→ **PROBLEM REQUIREMENTS**: Reproduce exactly, leaving out pictures, each line from the one holding "Tranh dán tường" through the final line of the listing, and add nothing.

→ **INPUT DATA**:
══════════════════════════════

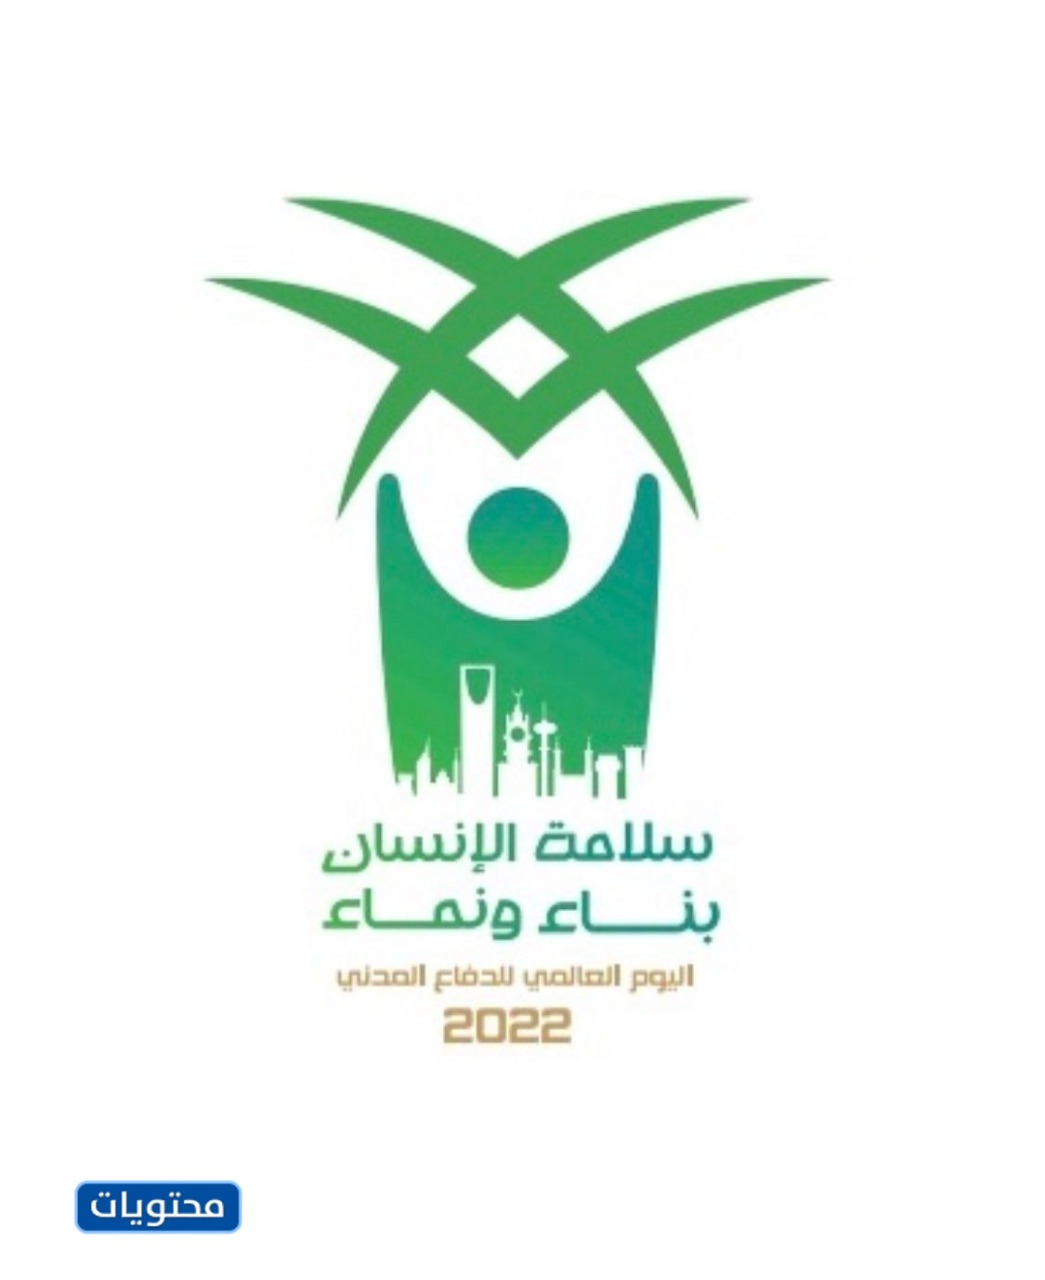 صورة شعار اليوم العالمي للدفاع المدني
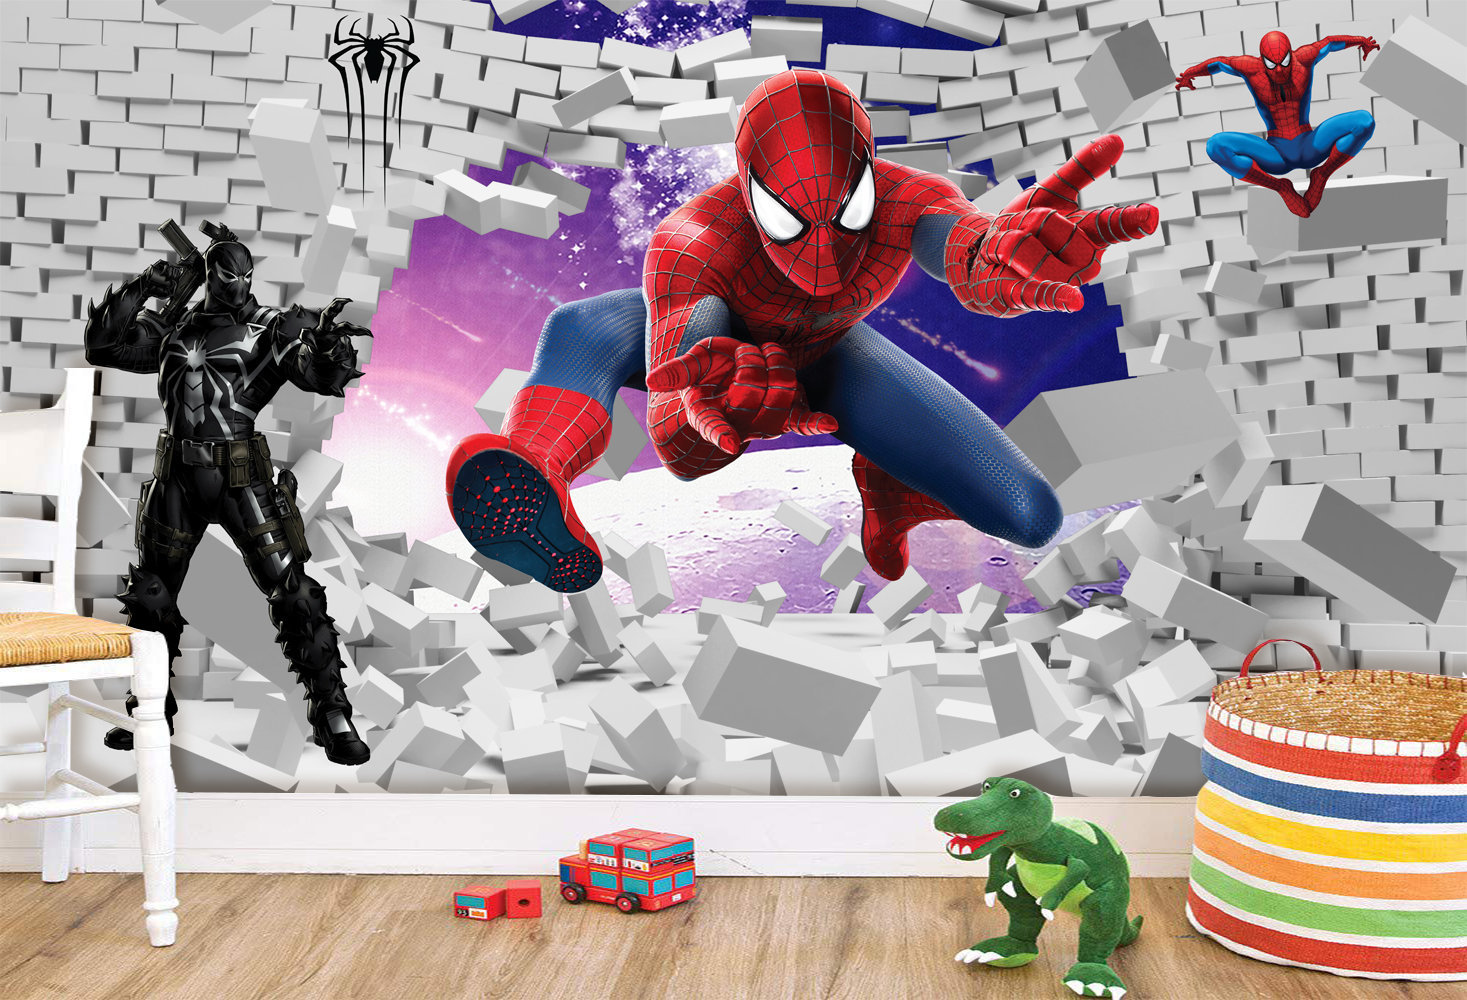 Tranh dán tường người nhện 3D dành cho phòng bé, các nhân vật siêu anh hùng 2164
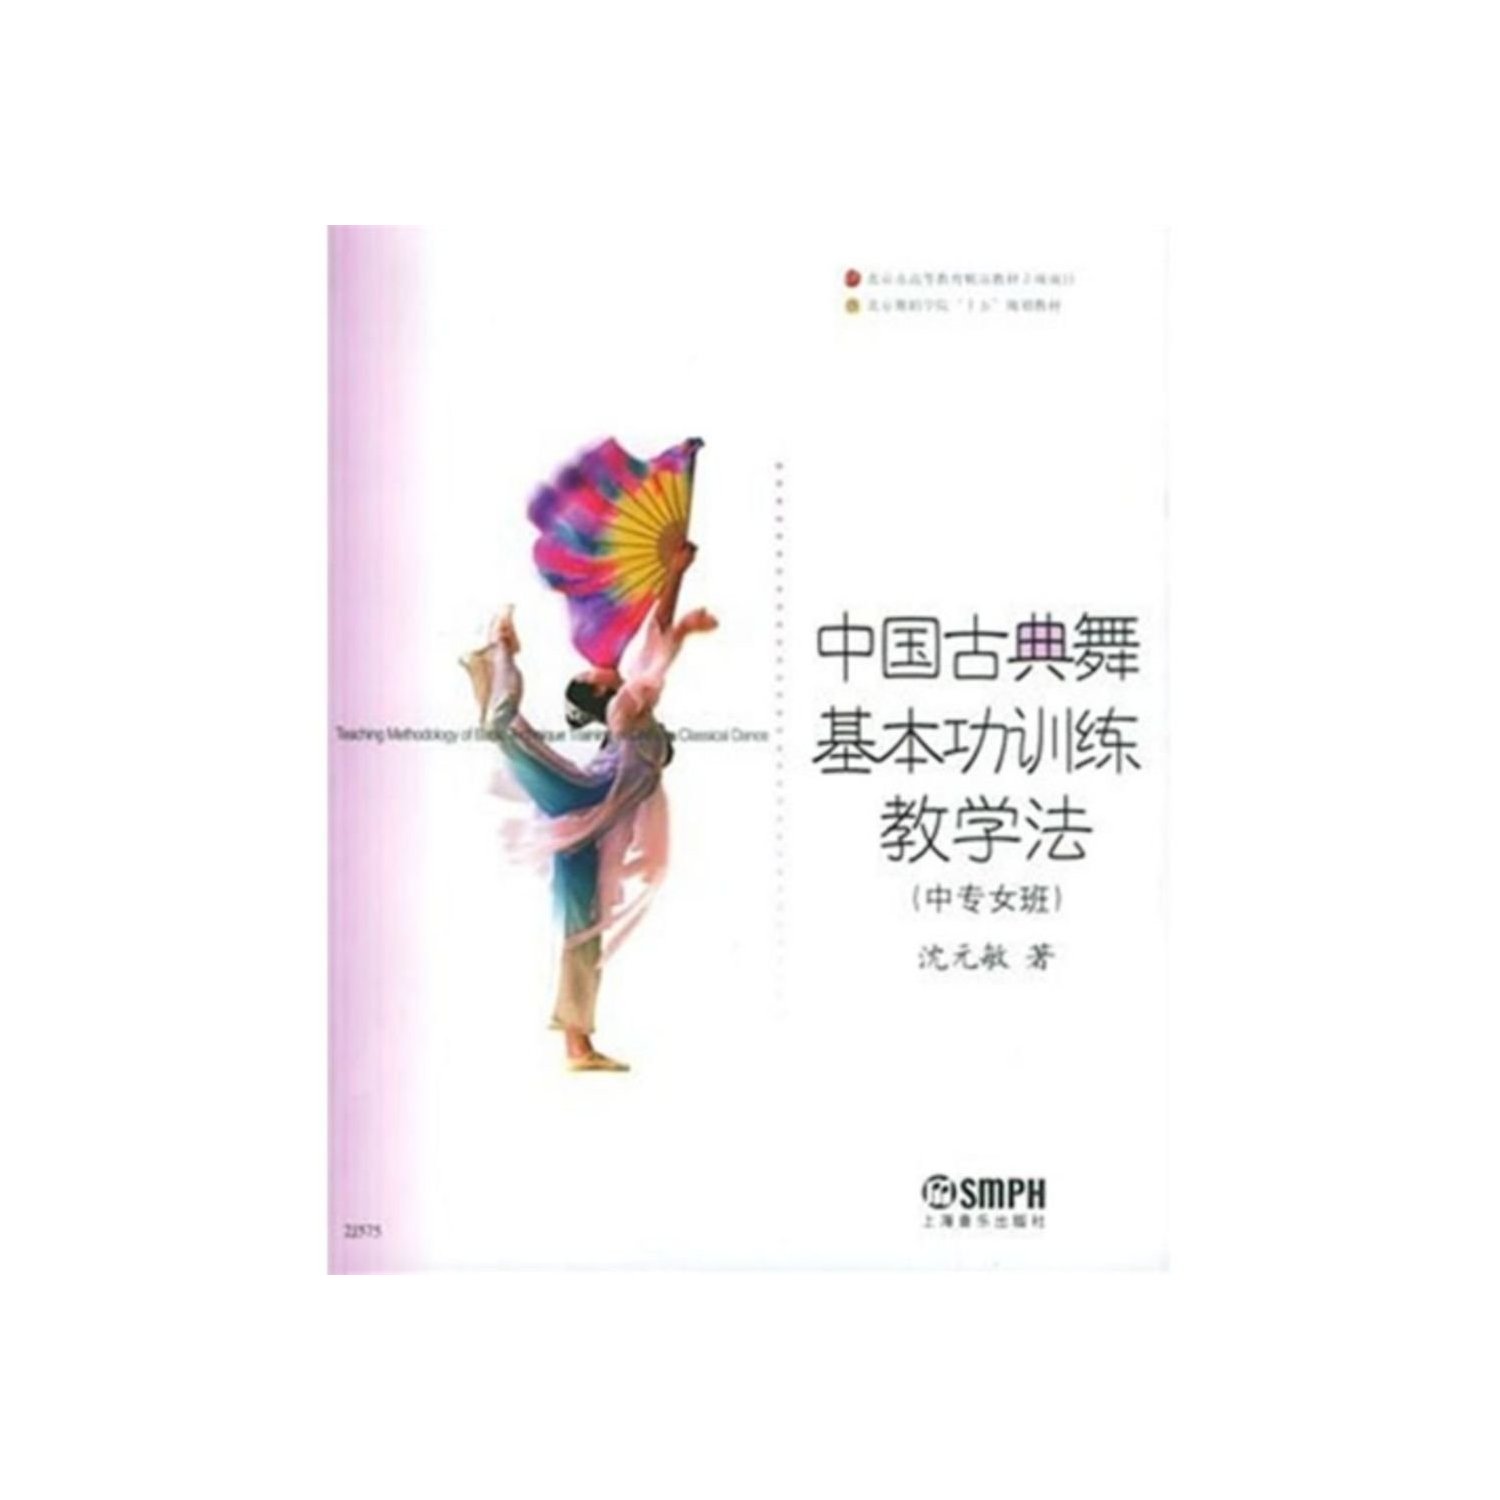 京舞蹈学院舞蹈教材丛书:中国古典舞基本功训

══════════════════════════════

→ **RESPONSE BELOW**:
 Tranh dán tường người nhện 3D dành cho phòng bé, các nhân vật siêu anh hùng 2164
 京舞蹈学院舞蹈教材丛书:中国古典舞基本功训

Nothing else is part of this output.